Background: Systemic chemotherapy constitutes an indispensable component of breast cancer (BC) management, where therapeutic drug combinations such as anthracyclines, platinum compounds, and taxanes form the cornerstone of standard treatment protocols. Although DNA repair genes are pivotal in cancer susceptibility, their specific roles in mediating acute or chronic toxicity outcomes induced by chemotherapy remain undetermined. Consequently, this study was planned to elucidate the impact of polymorphisms in base excision repair (BER) genes, including XRCC1, XRCC2, XRCC3, APE1, and hOGG1, on treatment response and toxicity outcomes in BC patients undergoing paclitaxel and doxorubicin-based chemotherapy within an Indian population.

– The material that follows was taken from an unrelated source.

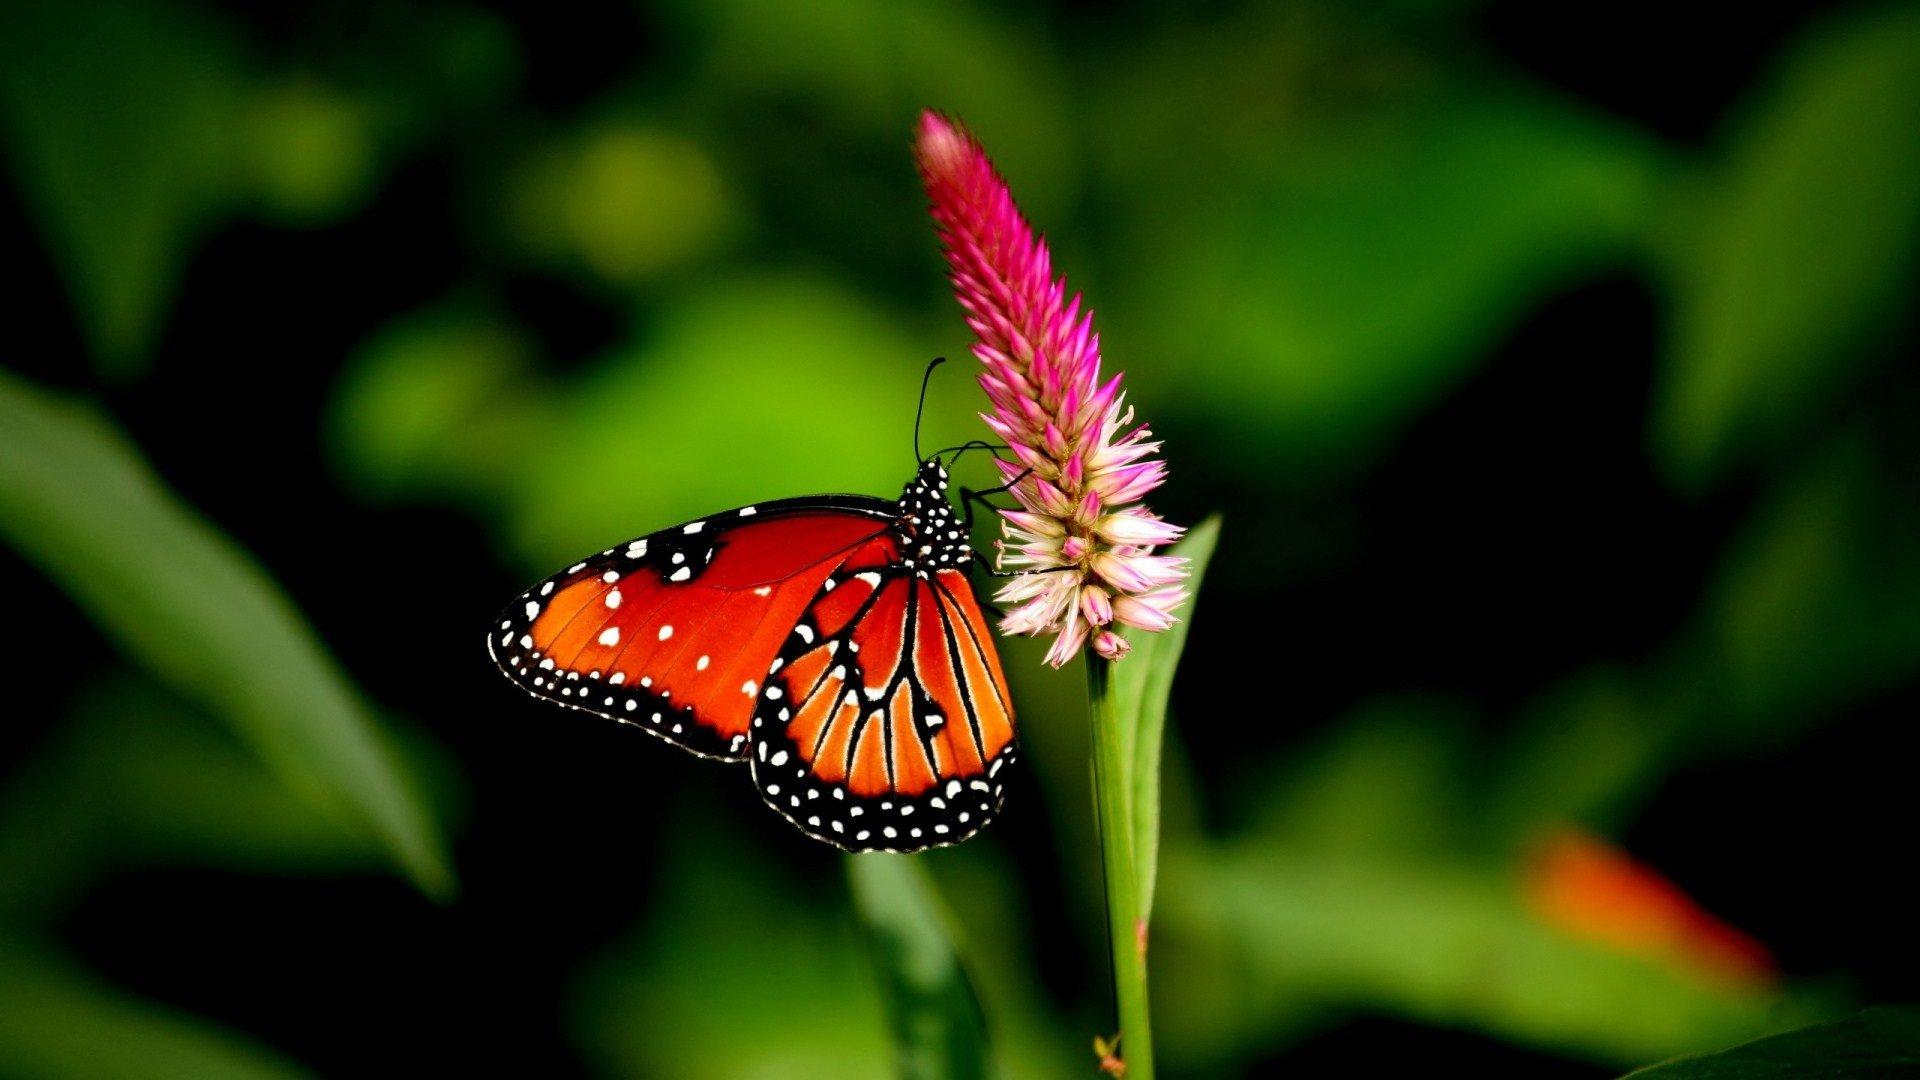 rainforest butterfly wallpaper - photo #22

Methods: One hundred and four (104) BC patients receiving combined paclitaxel and doxorubicin chemotherapy were enrolled with documentation of both hematological and non-hematological toxicity reactions induced by the treatment. Genetic polymorphism of XRCC1, XRCC2, XRCC3, APE1, and hOGG1 genes was investigated using Polymerase Chain Reaction (PCR) and Restriction Fragment Length Polymorphism (RFLP) analysis.

Results: Analysis of the demographic characteristics of BC patients revealed a significant association between mucositis and peripheral neuropathy with advancing age. An increased body mass index was also significantly correlated with hematological toxicities, such as neutropenia (p=0.022) and febrile neutropenia (p=0.048), as well as with peripheral neuropathy (p=0.001). Univariate logistic regression analysis demonstrated a significant association between the XRCC3 (Ser241Cys) polymorphism and peripheral neuropathy (OR=3.00, 95% CI: 1.29-6.95; p=0.010). Similarly, regression analysis indicated a significant association of APE-1 (Asp148Glu) polymorphism with febrile neutropenia (OR=3.55, 95% CI: 1.03-12.21; p=0.044) and chemotherapy-induced nausea and vomiting (CINV) (OR=4.19, 95% CI: 1.61-10.94; p=0.003) in BC patients treated with paclitaxel and Doxorubicin regimen.

Conclusion: The findings from this study underscore the significant influence of genetic polymorphisms in XRCC3 (Ser241Cys) and APE-1 (Asp148Glu) on the acute toxicity effects induced by paclitaxel in BC patients.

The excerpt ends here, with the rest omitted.